An Imperfect Affair

Home > Other > An Imperfect Affair > Page 7
An Imperfect Affair Page 7

by Natalie Fox


  He smiled and poured wine into her glass. ‘You’re not afraid, then?’

  She knew what he meant. ‘Wine doesn’t lower my resistance, just makes me snore, as you’ll probably find out in due course.’

  He laughed. ‘I just might settle for that tonight ...’ and just when she thought it was going to be all right he added mockingly ‘... but I won’t make any promises.’

  Surprisingly, that remark didn’t rock her as much as she thought it might. She wondered if she pushed him far enough he might not funk out before she inevitably would.

  ‘This chicken is gorgeous,’ she enthused as they sat down to eat.

  ‘Nothing to do with me,’ he said modestly. ‘It’s just a decent chicken.’

  ‘Thank you for cooking it. It was nice of you. Tomorrow it’s my turn.’

  ‘So this is going to be a regular routine, is it?’ He spooned potatoes on to her plate.

  ‘Why not? We’ve gone this far—’

  ‘We might as well go all the way,’ he finished for her.

  Verity sipped more of the wine and decided not to bite back at that. ‘Don’t put words into my mouth. We’ve made a start and there’s no reason to back down now. I can’t see why we can’t eat together every night. We both work hard all day and deserve some relaxation. Not the sort that’s obviously on your mind morning noon and night, but just a meal and some talk. I’d like to know what you’re working on.’
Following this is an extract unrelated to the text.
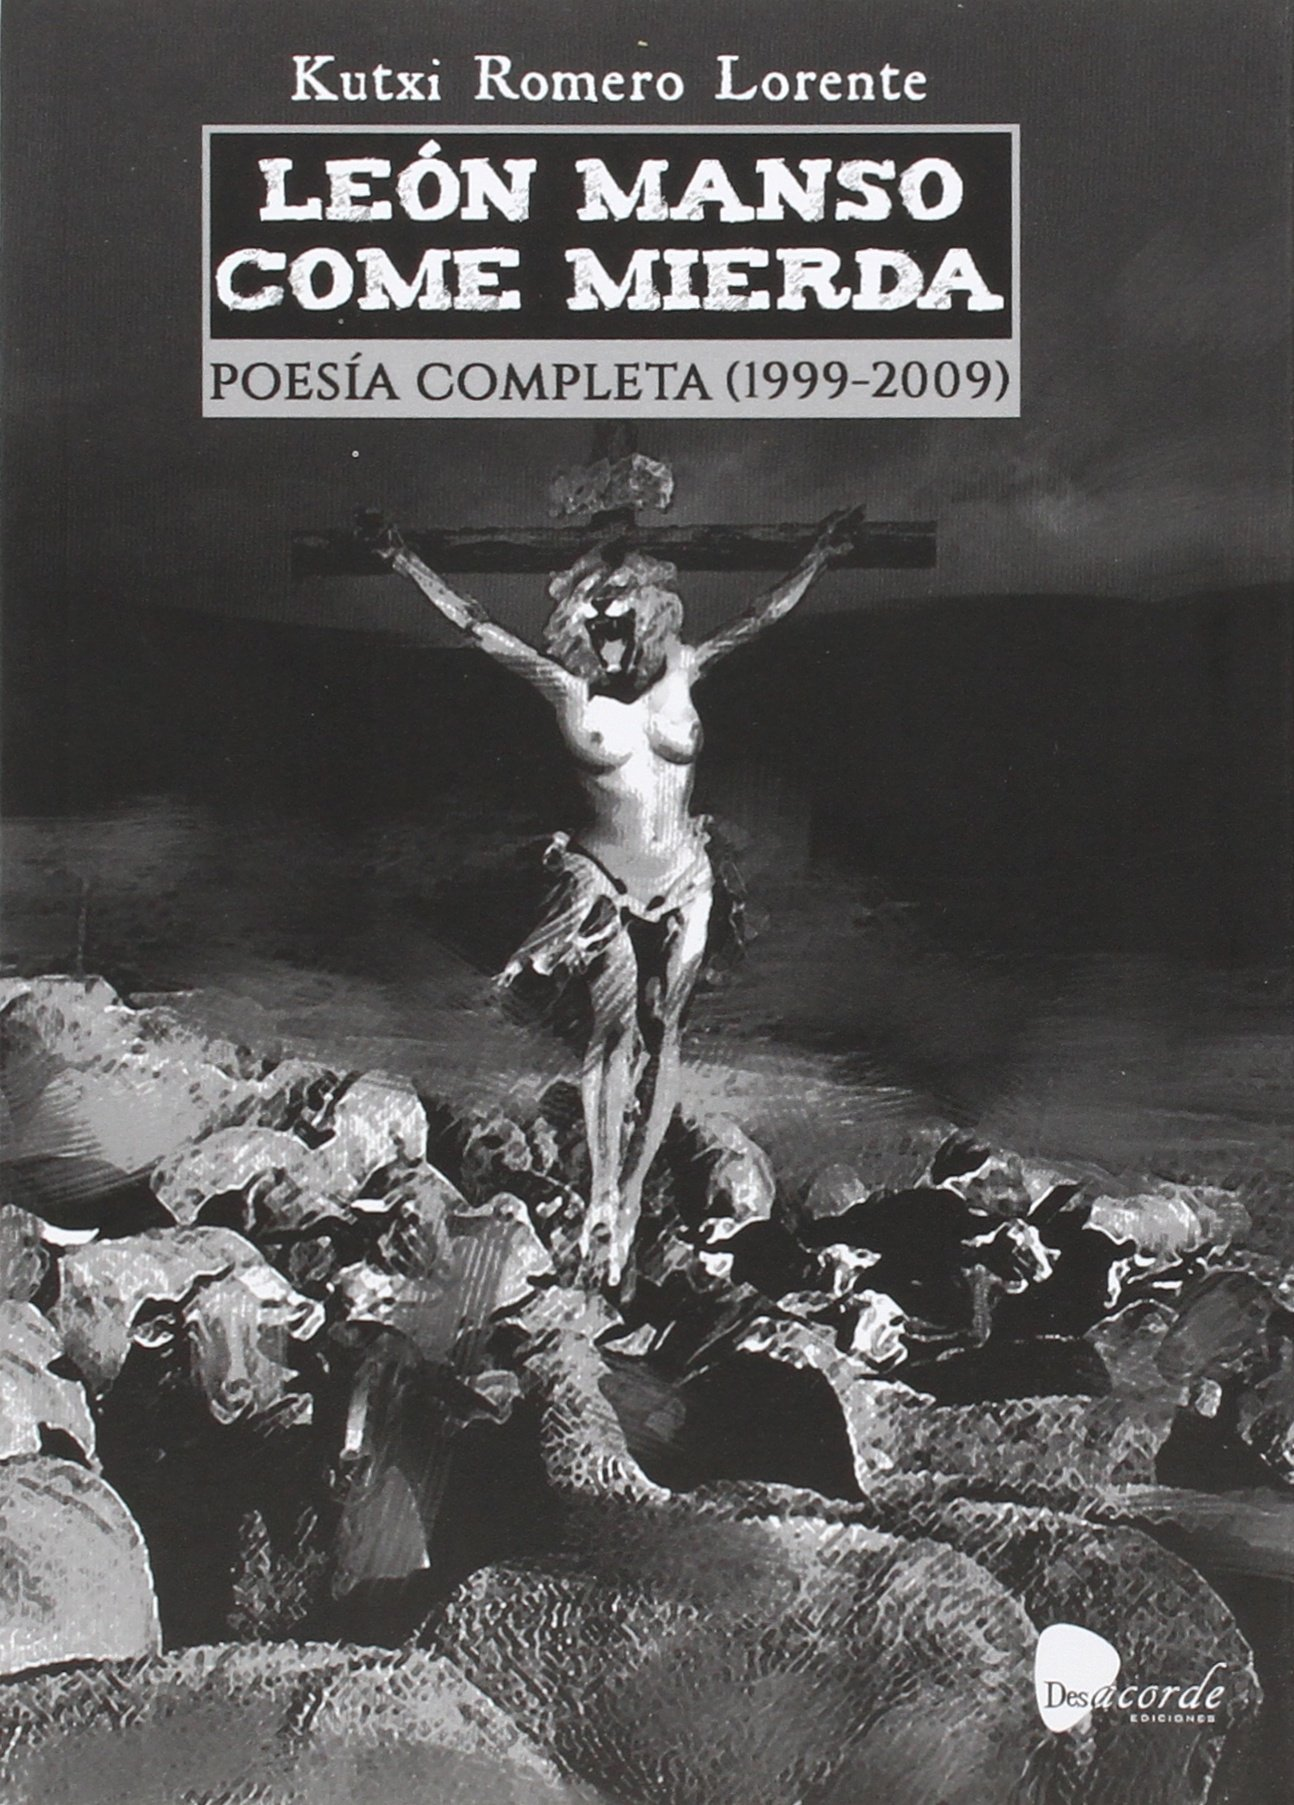 LEÓN MANSO COME MIERDA: Amazon.es: Romero Lorente, Kutxi: Libros
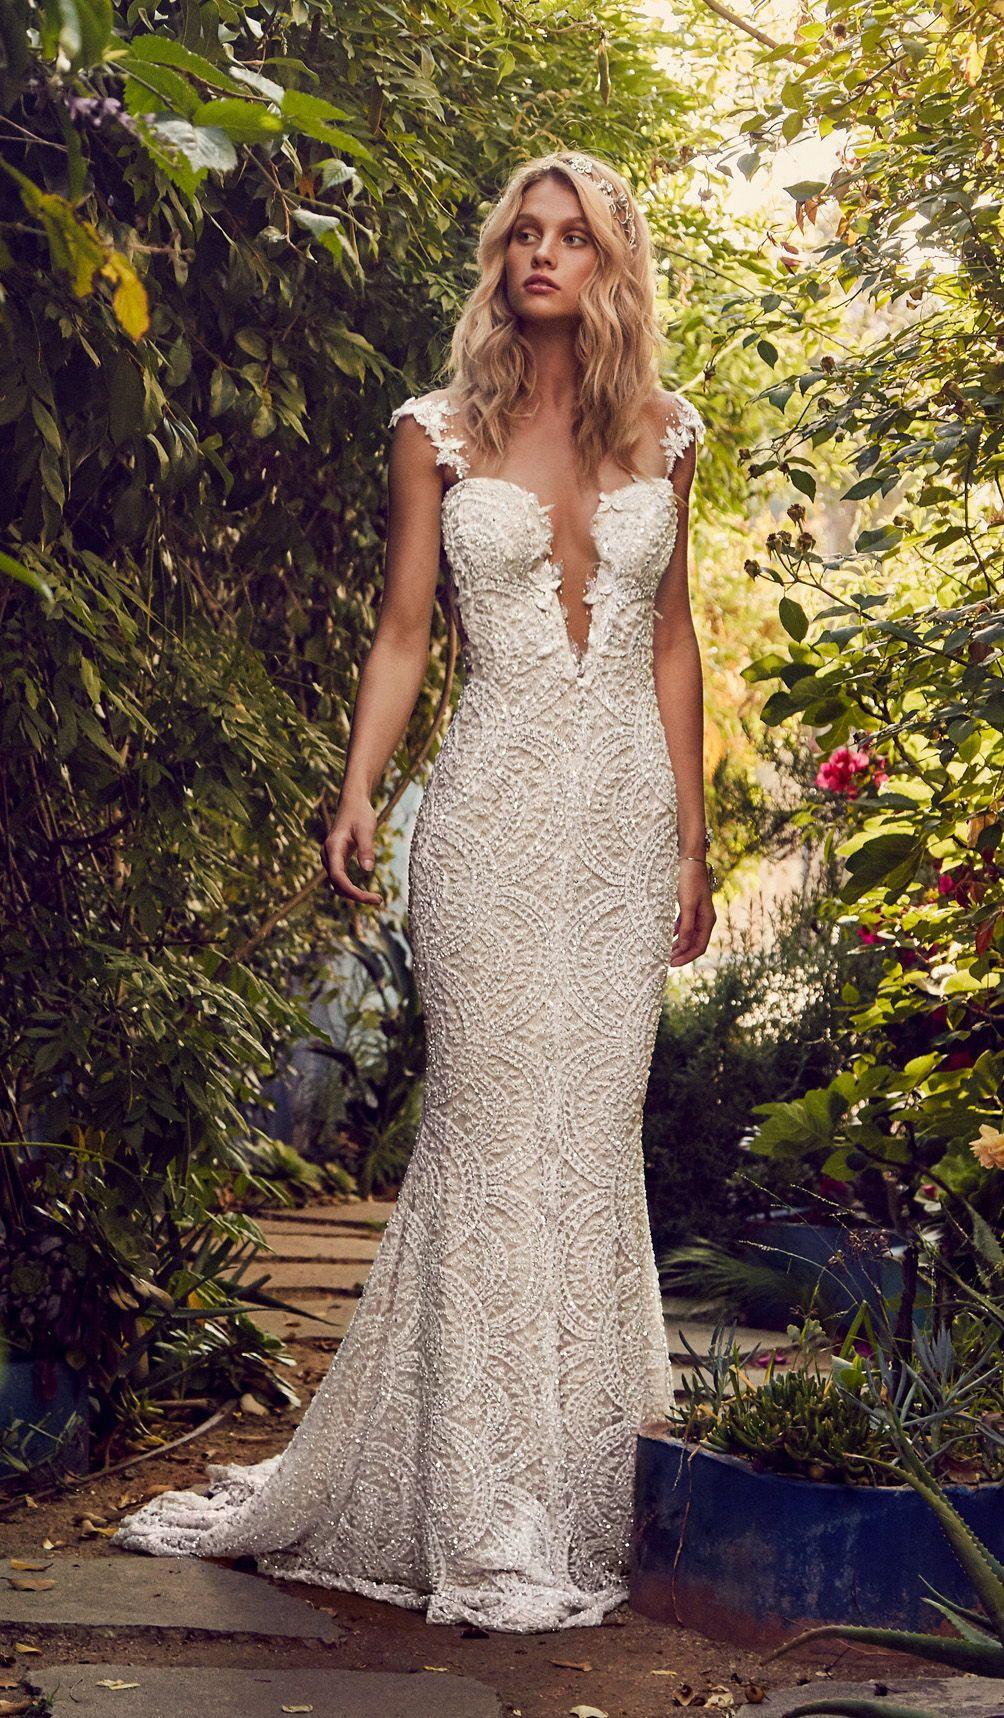 Harlow Queen Of Hearts Bridal Dresses Galia Lahav Summer Wedding Dress Ball Gown Wedding Dress Wedding Dresses Simple [ 1718 x 1004 Pixel ]

  ‘It wouldn’t interest you.’

  Verity raised a brow. ‘Try me.’

  ‘No way, treasure. It’s top secret—’

  ‘And I can’t be trusted?’

  ‘It has nothing to do with trust. My emotions are running high enough with you in this house, Verity Brooks, without you putting a witch’s curse on my work.’

  ‘Hmm, now you really have whet my appetite. I just might creep into your bedroom while you’re otherwise occupied and take a peek.’

  ‘If I catch you in my bedroom I’ll make the obvious presumption and act accordingly,’ he warned with just a glimmer of humour in his eyes.

  ‘I’ll heed that warning,’ she told him brightly to show she could take it. ‘So if we don’t talk about your work, what will we while away the hours with—mine?’

  ‘Remind me; I’ve forgotten what you said you were here for.’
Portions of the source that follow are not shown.